-- Your goal --
Pictures in the data below are not part of the copy; transcribe everything else exactly.

-- Information provided --

....................

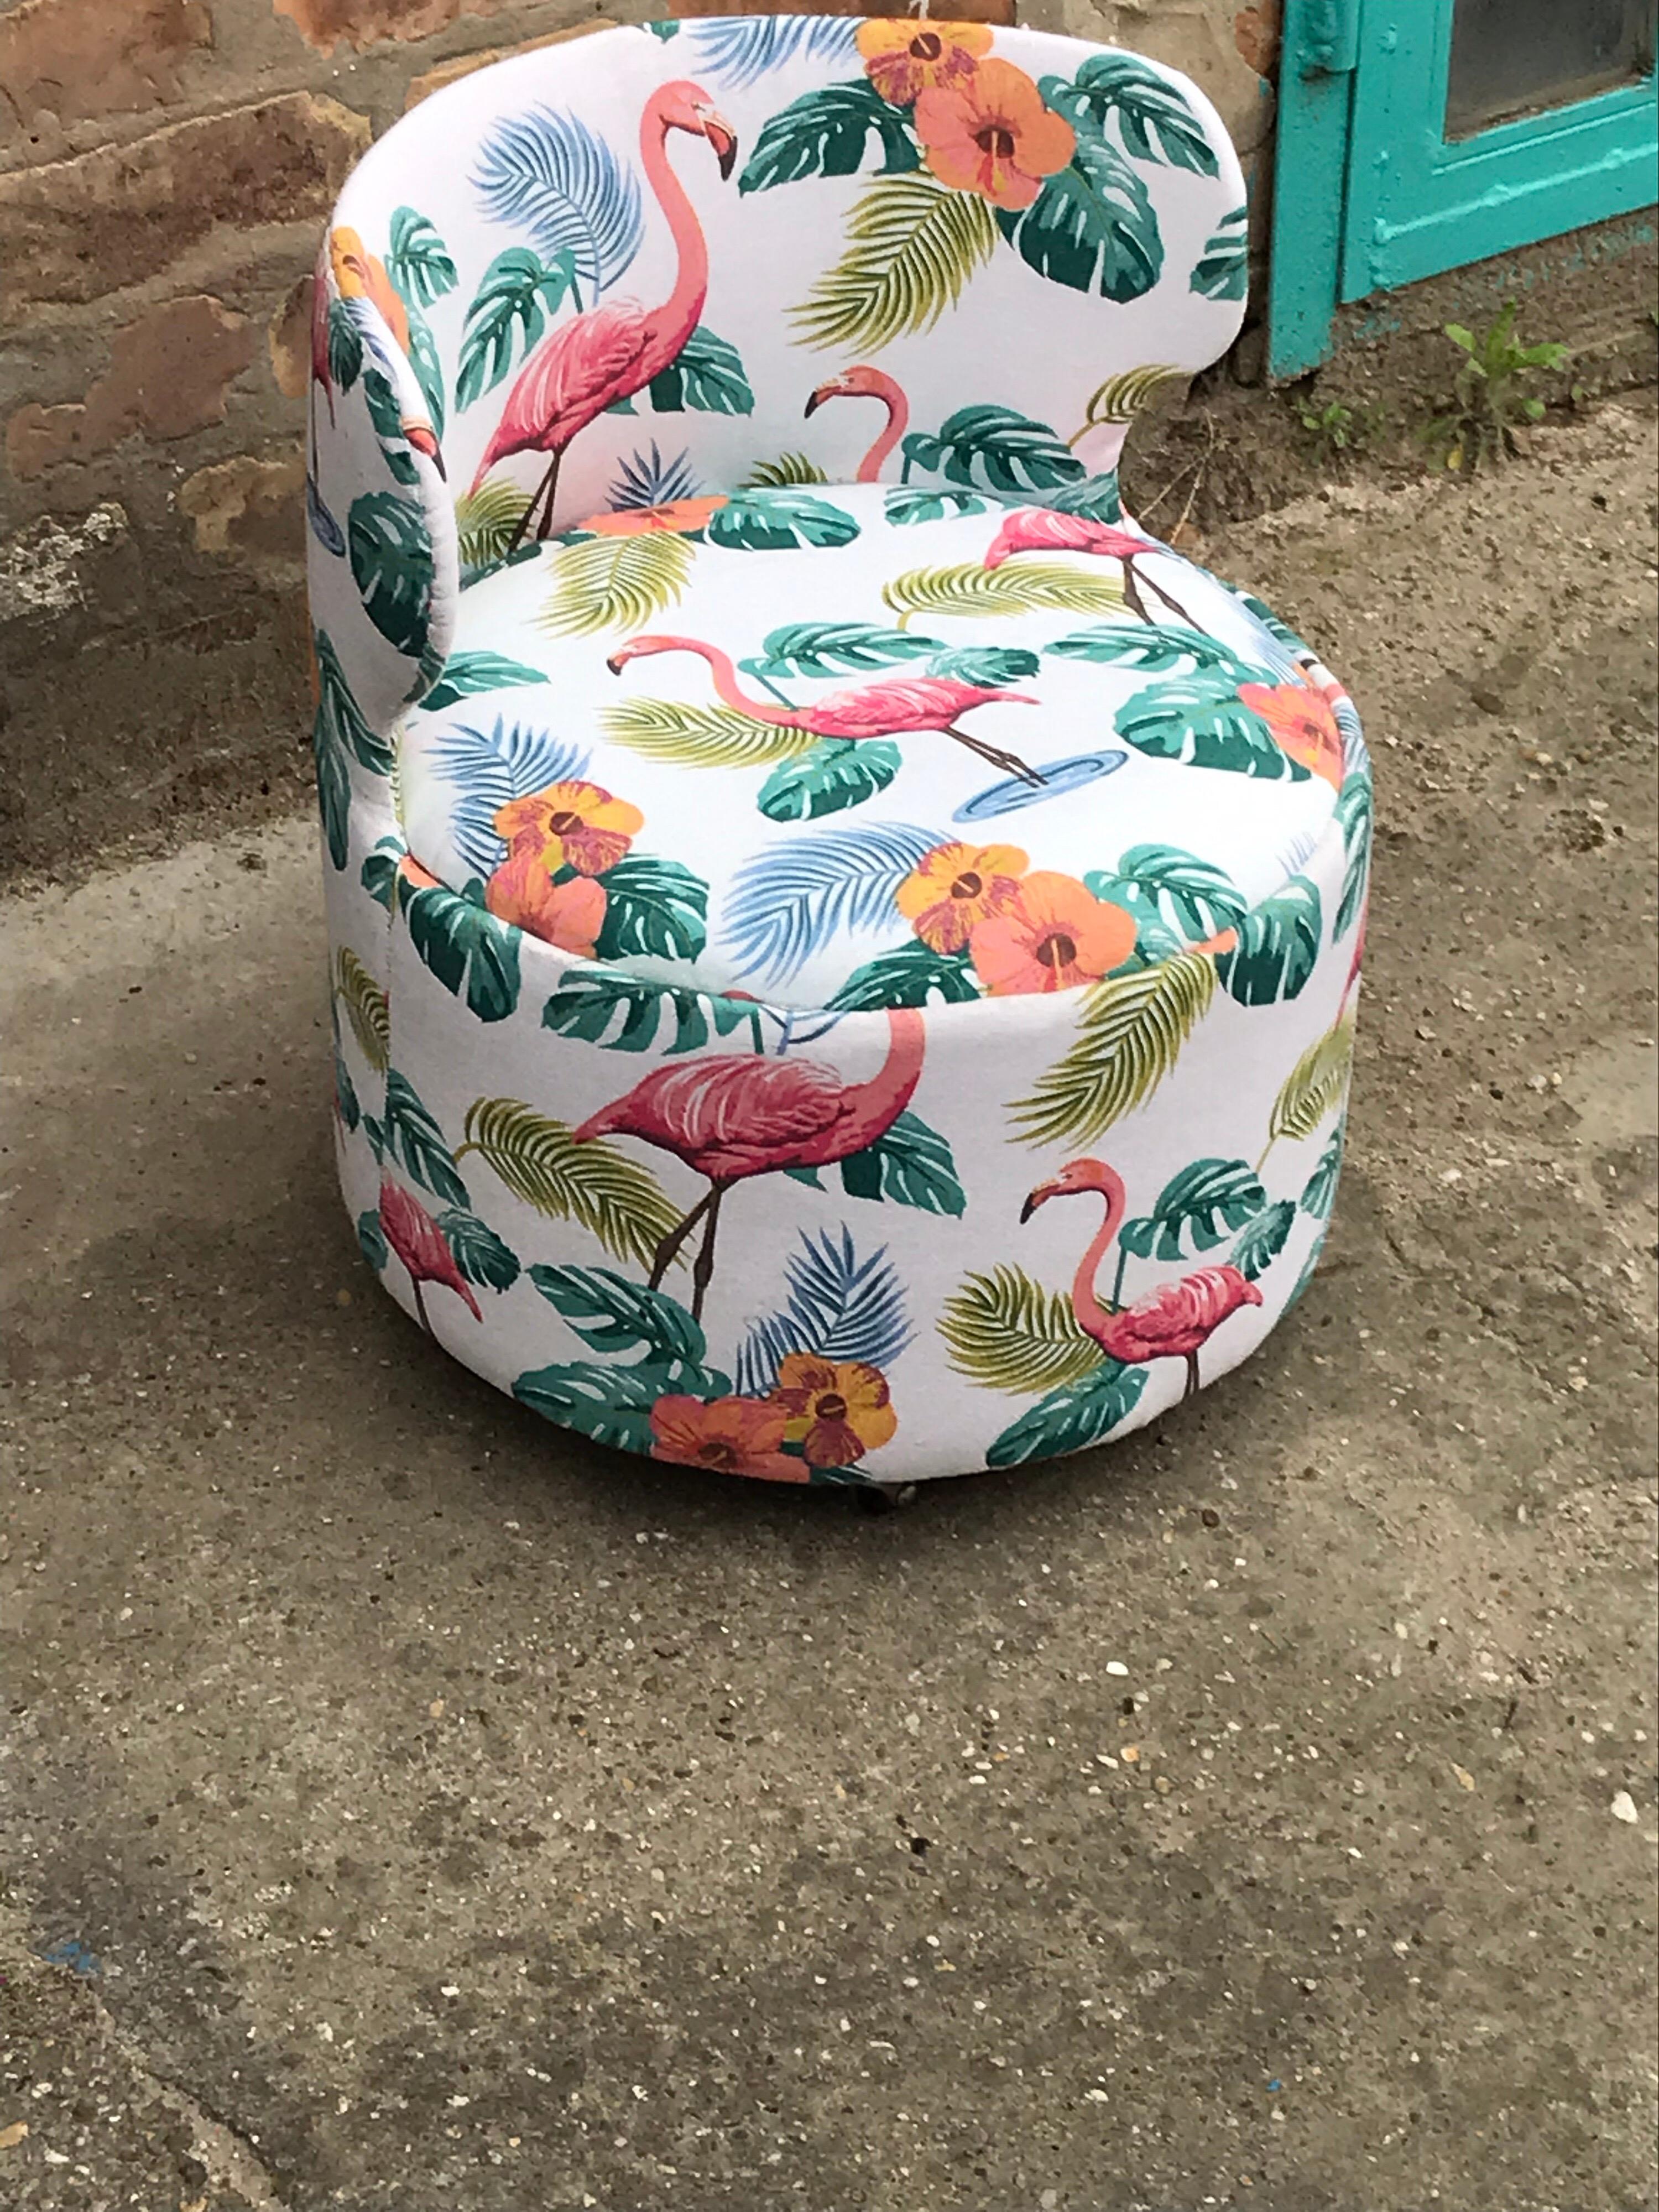 Retro armchair with flamingo pattern, 1970s
This chair was fully and professionally re-upholstered, the condition is excellent. With roller legs
Size: 38 x 35 x 44 H
Seat size: 27.

....................

-- Output for this exercise --
 Retro armchair with flamingo pattern, 1970s
This chair was fully and professionally re-upholstered, the condition is excellent. With roller legs
Size: 38 x 35 x 44 H
Seat size: 27.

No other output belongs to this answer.